● **Material provided**:
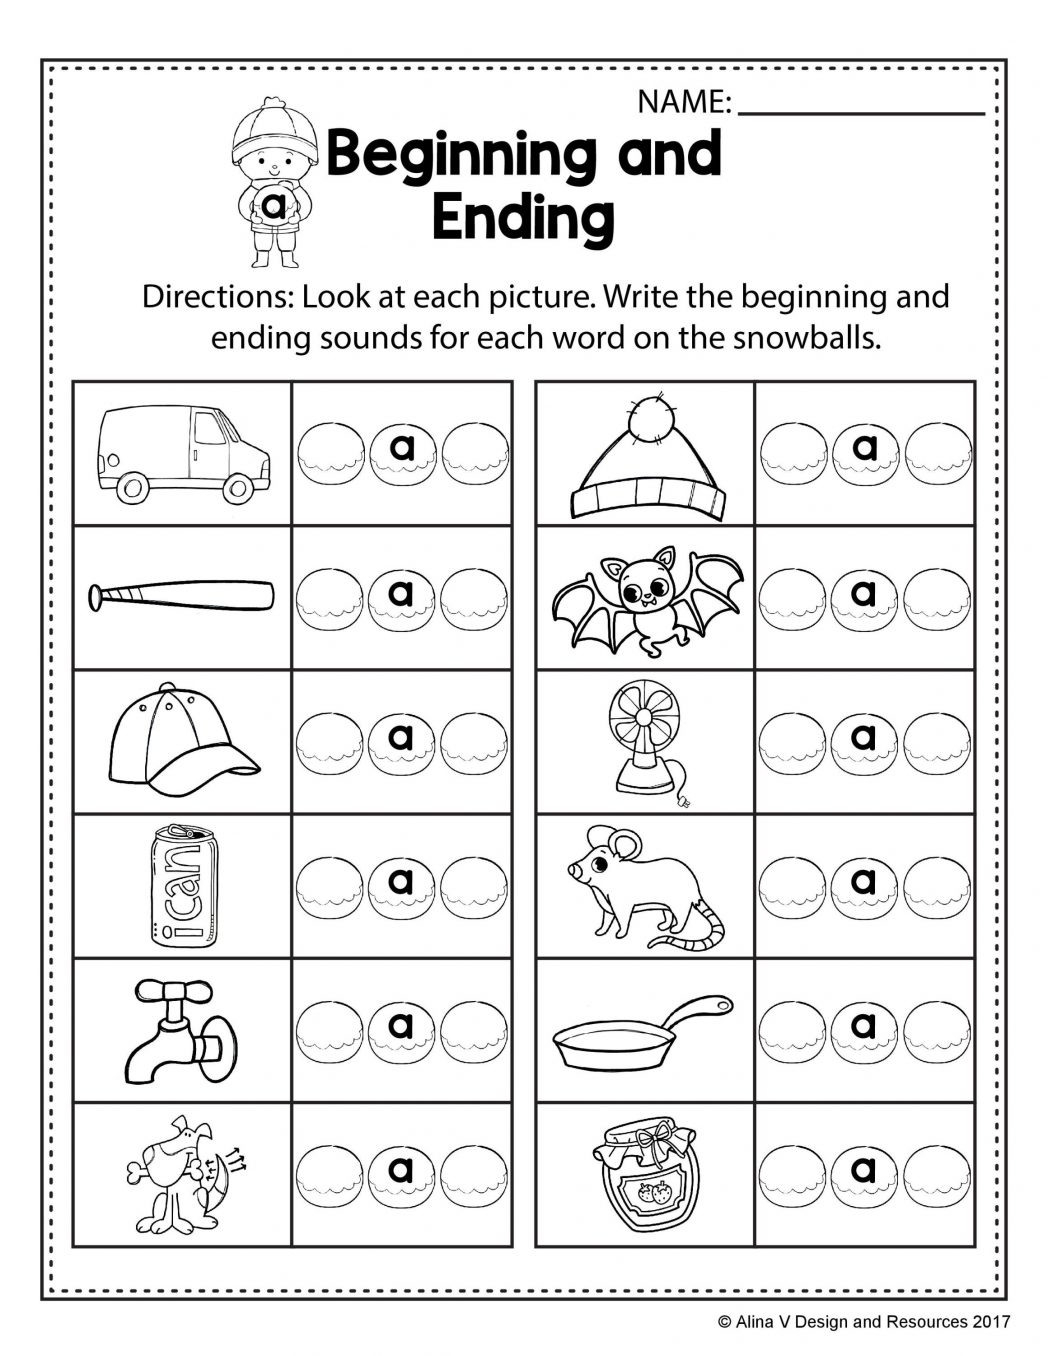 Phonics Worksheet Kindergarten Worksheet24
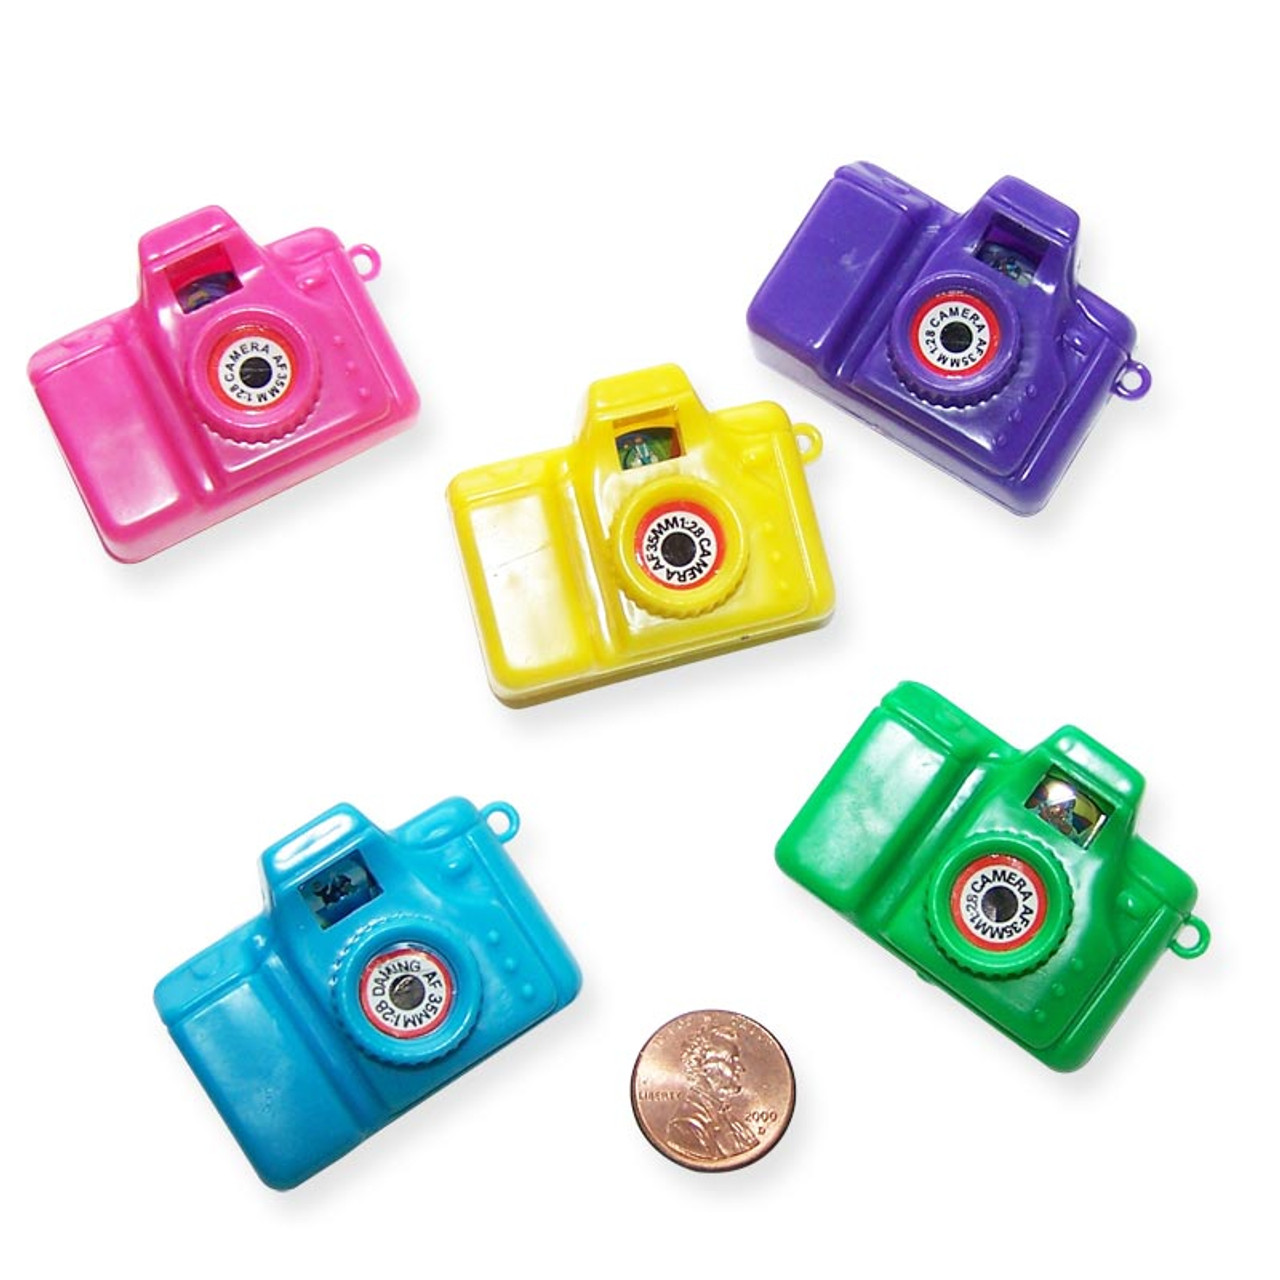 Plastic Mini Cameras - Fun Novelty Toy
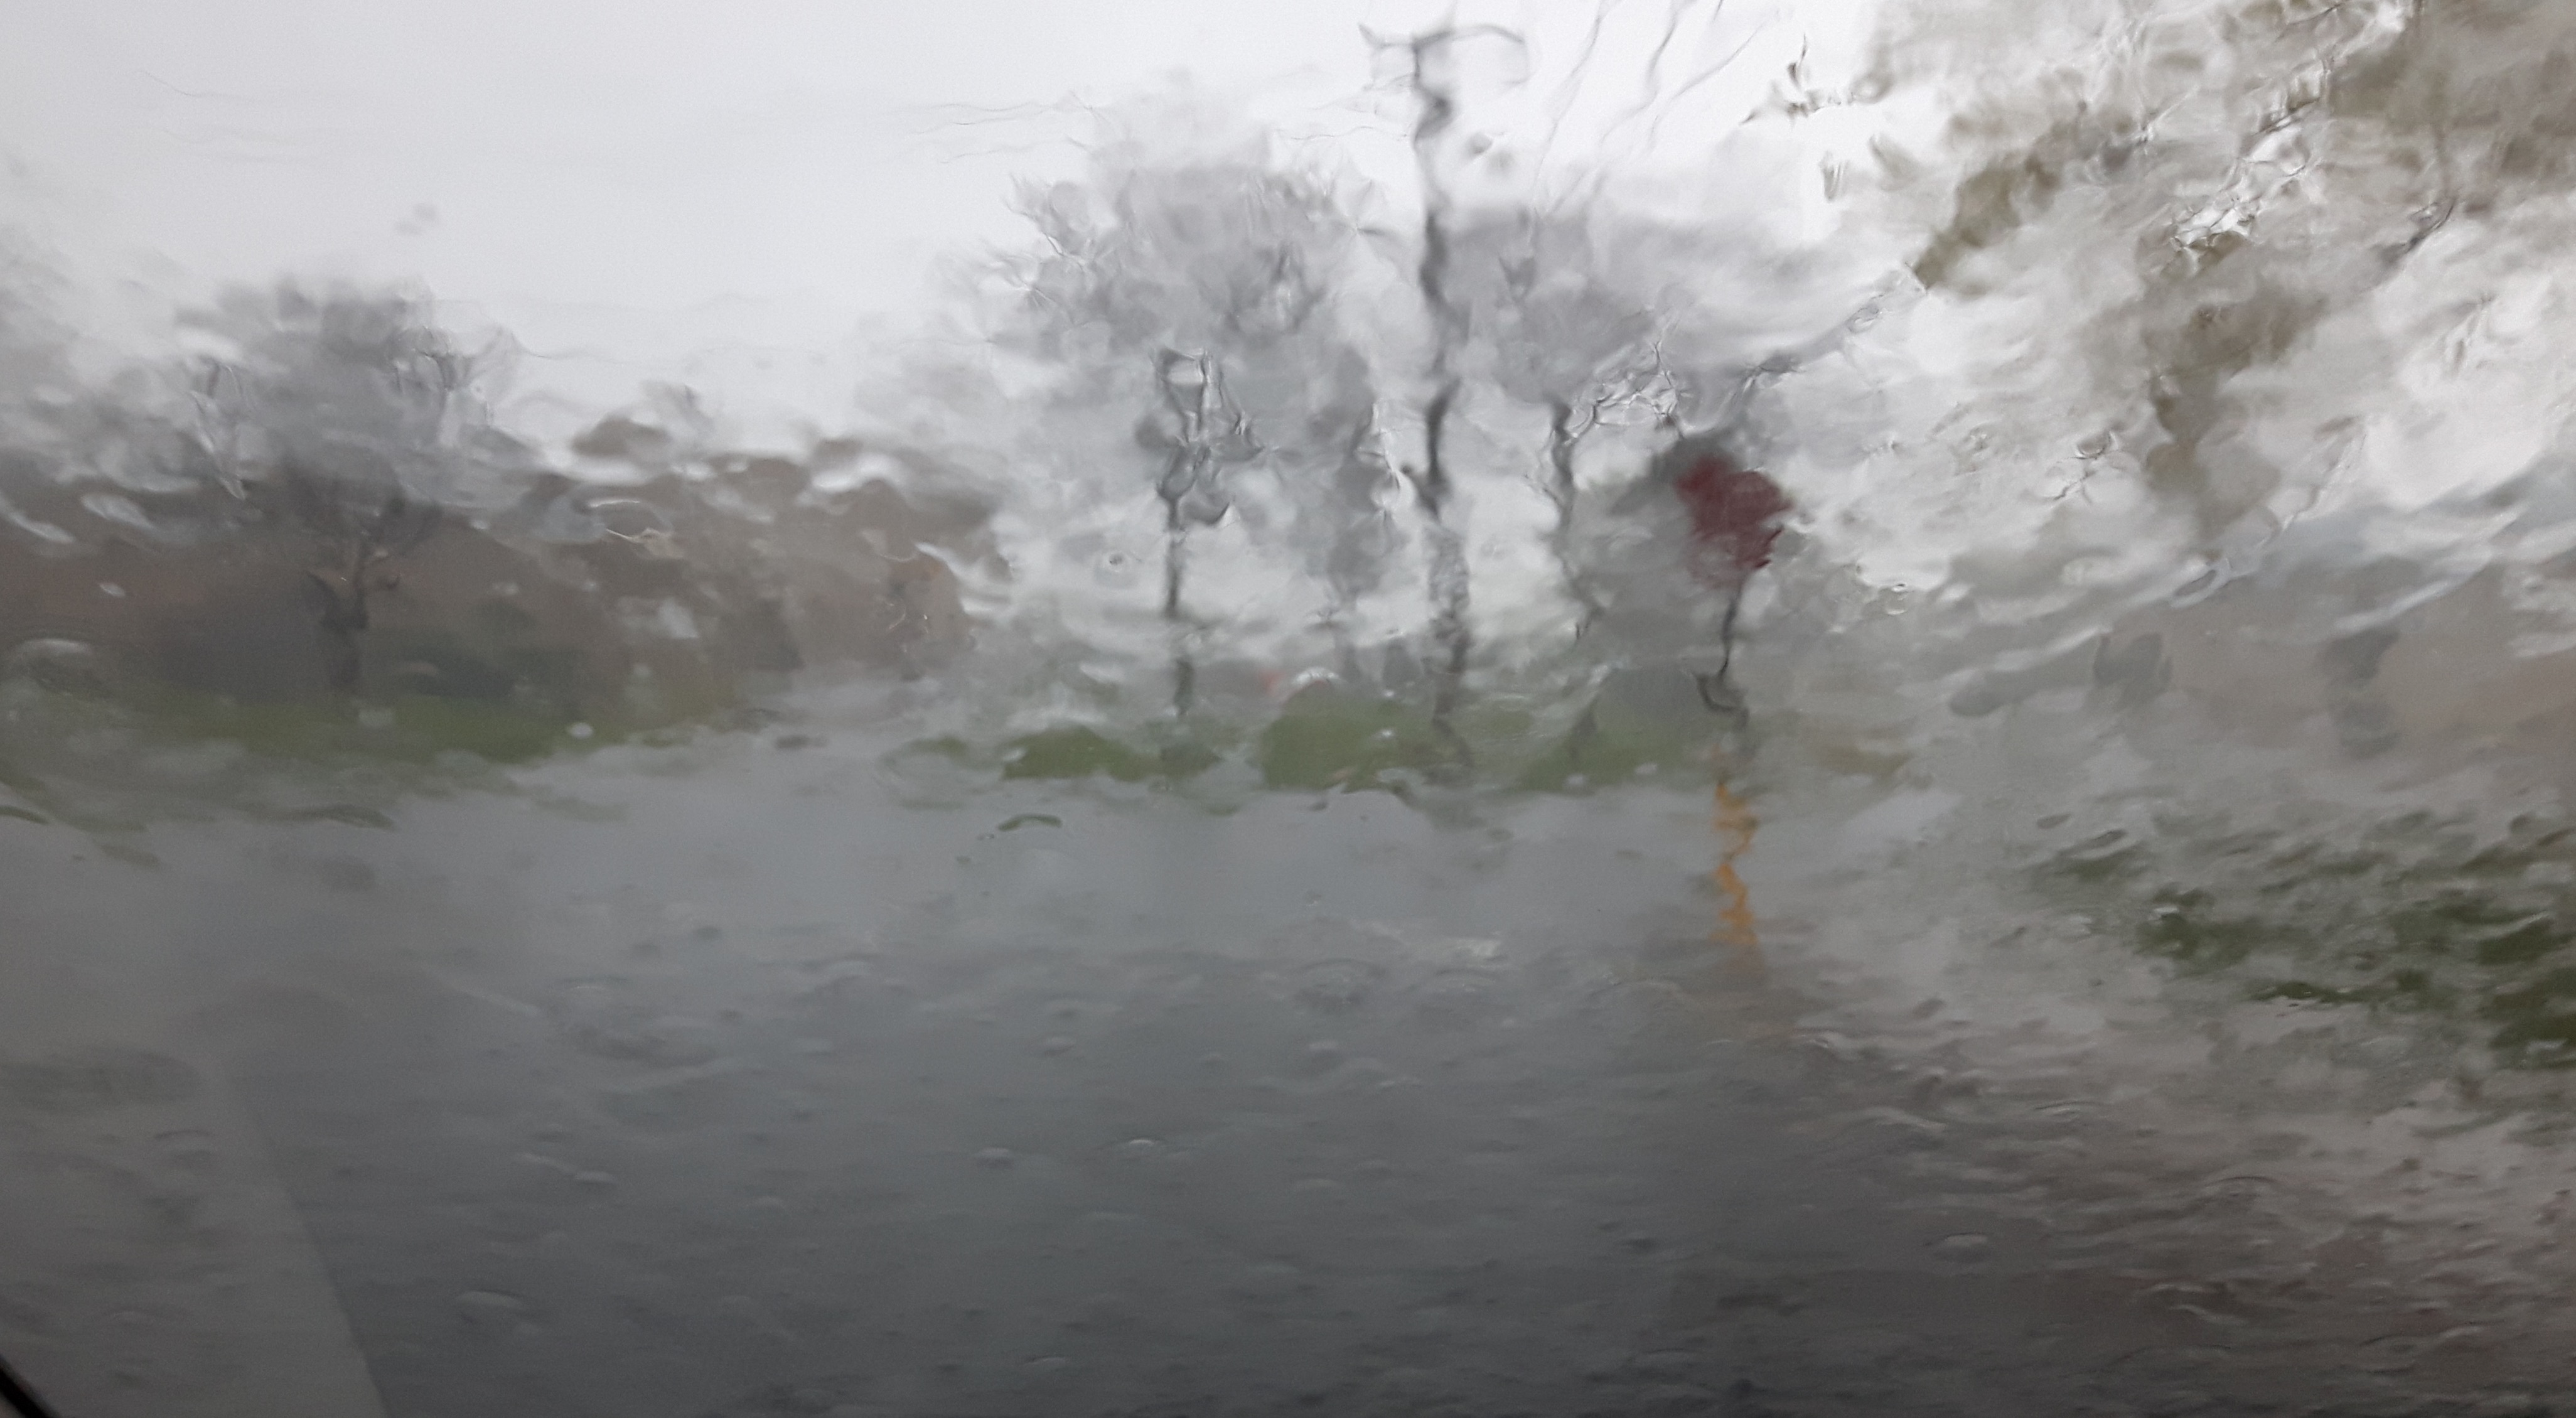 Rain, through my windshield

● **Assignment**: Find the line that contains "Plastic Mini Cameras - Fun Novelty Toy" and repeat it, along with every line after it to the end of the data, exactly; drop the pictures.

● **Written answer**:
 Plastic Mini Cameras - Fun Novelty Toy
 Rain, through my windshield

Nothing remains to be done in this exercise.